_RECORD EXTRACTS_:

++++++++

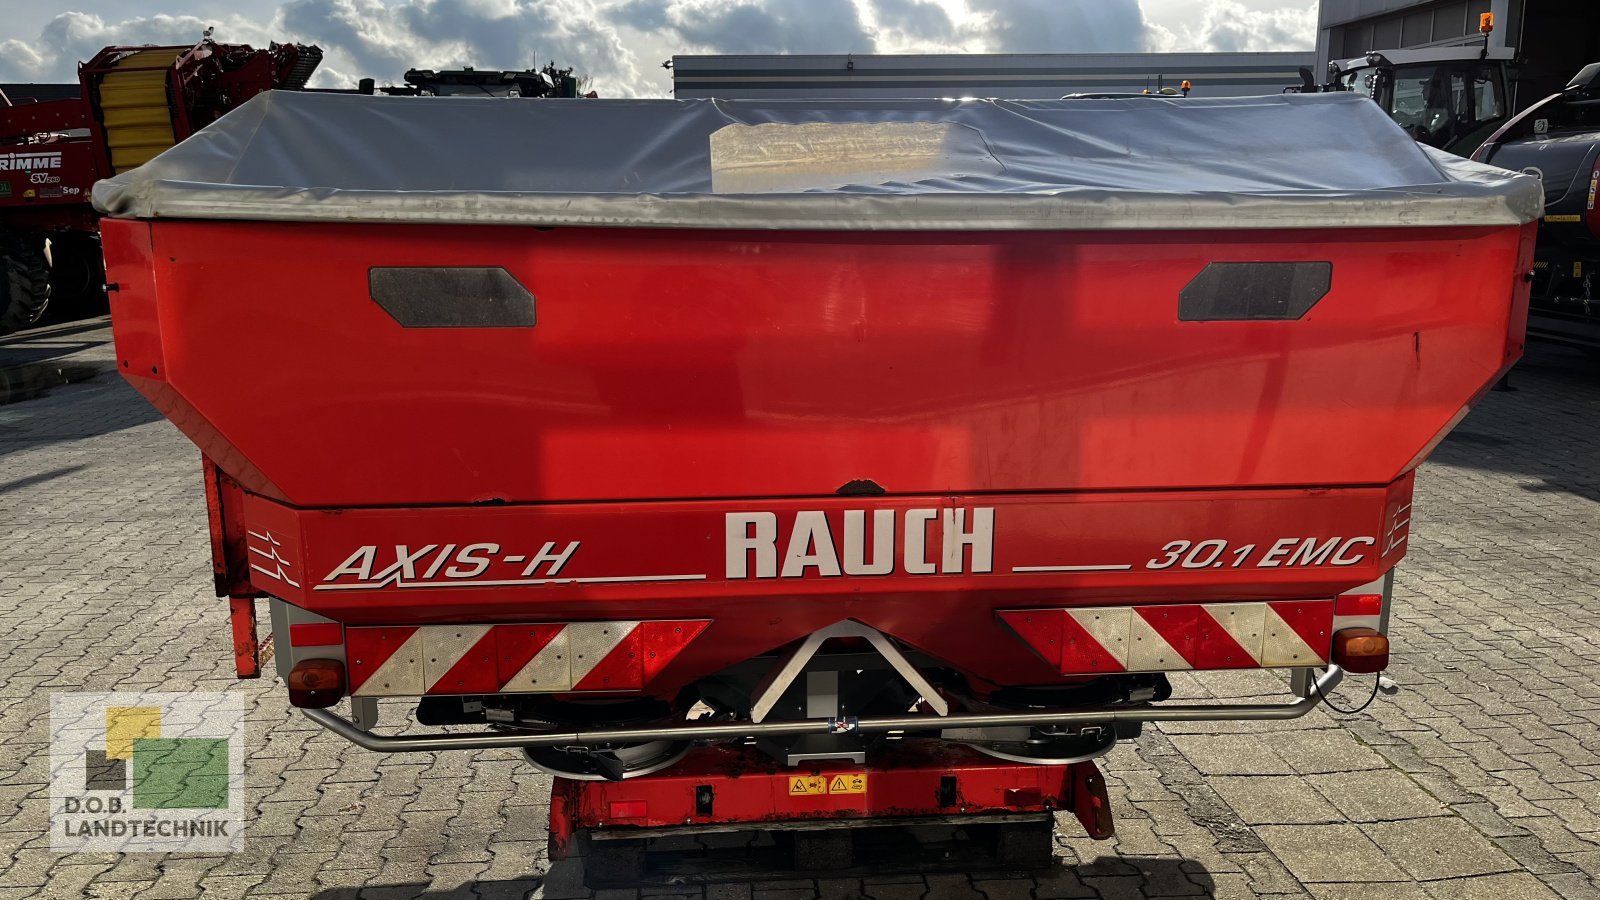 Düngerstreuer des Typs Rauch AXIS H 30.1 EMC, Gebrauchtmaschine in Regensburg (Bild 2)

++++++++

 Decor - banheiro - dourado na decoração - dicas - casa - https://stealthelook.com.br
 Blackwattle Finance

++++++++

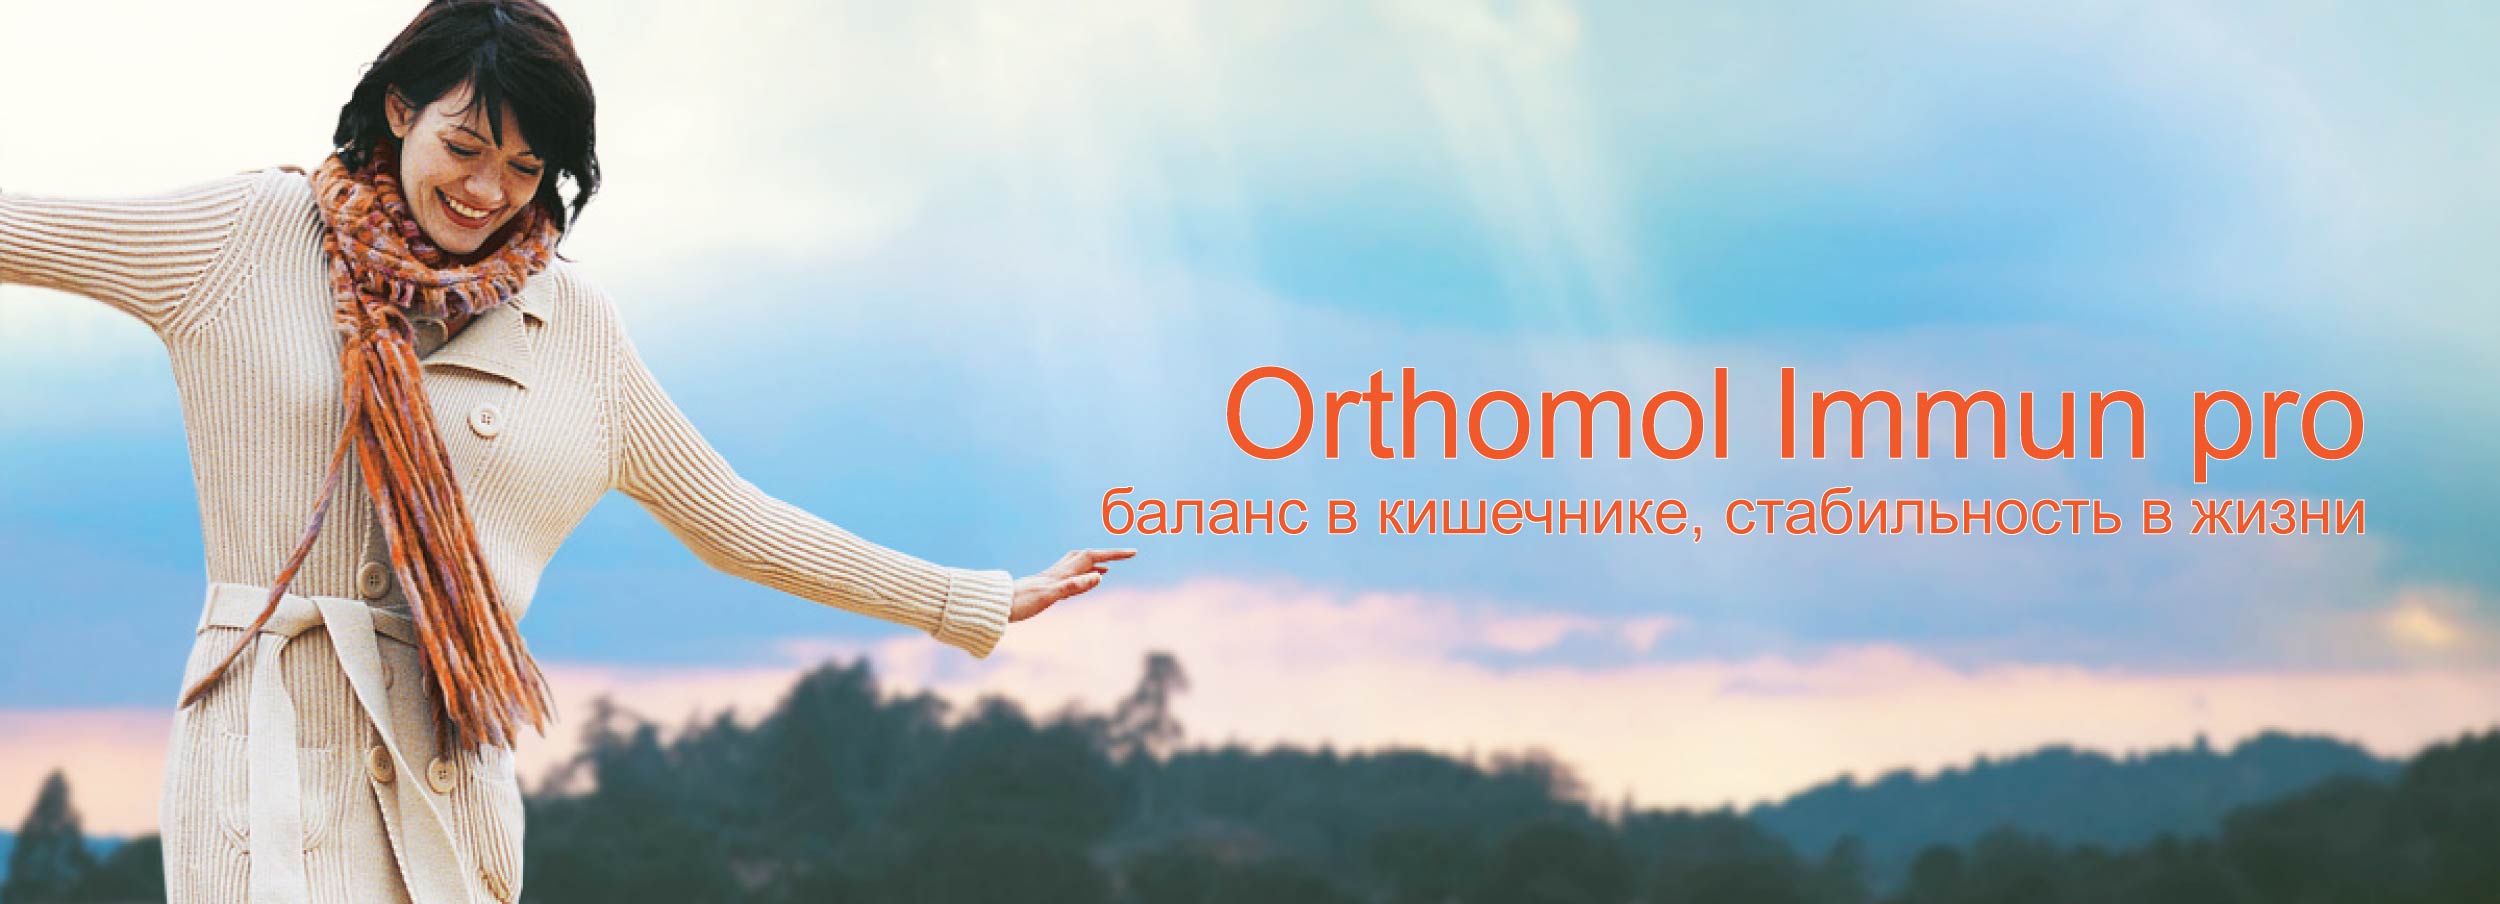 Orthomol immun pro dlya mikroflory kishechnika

++++++++

_YOUR OBJECTIVE_: Take the stretch of lines above from the one containing "Decor - banheiro" through the one containing "Blackwattle Finance" and repeat it exactly, adding no other line.

_OUTPUT OF THE EXERCISE_:
 Decor - banheiro - dourado na decoração - dicas - casa - https://stealthelook.com.br
 Blackwattle Finance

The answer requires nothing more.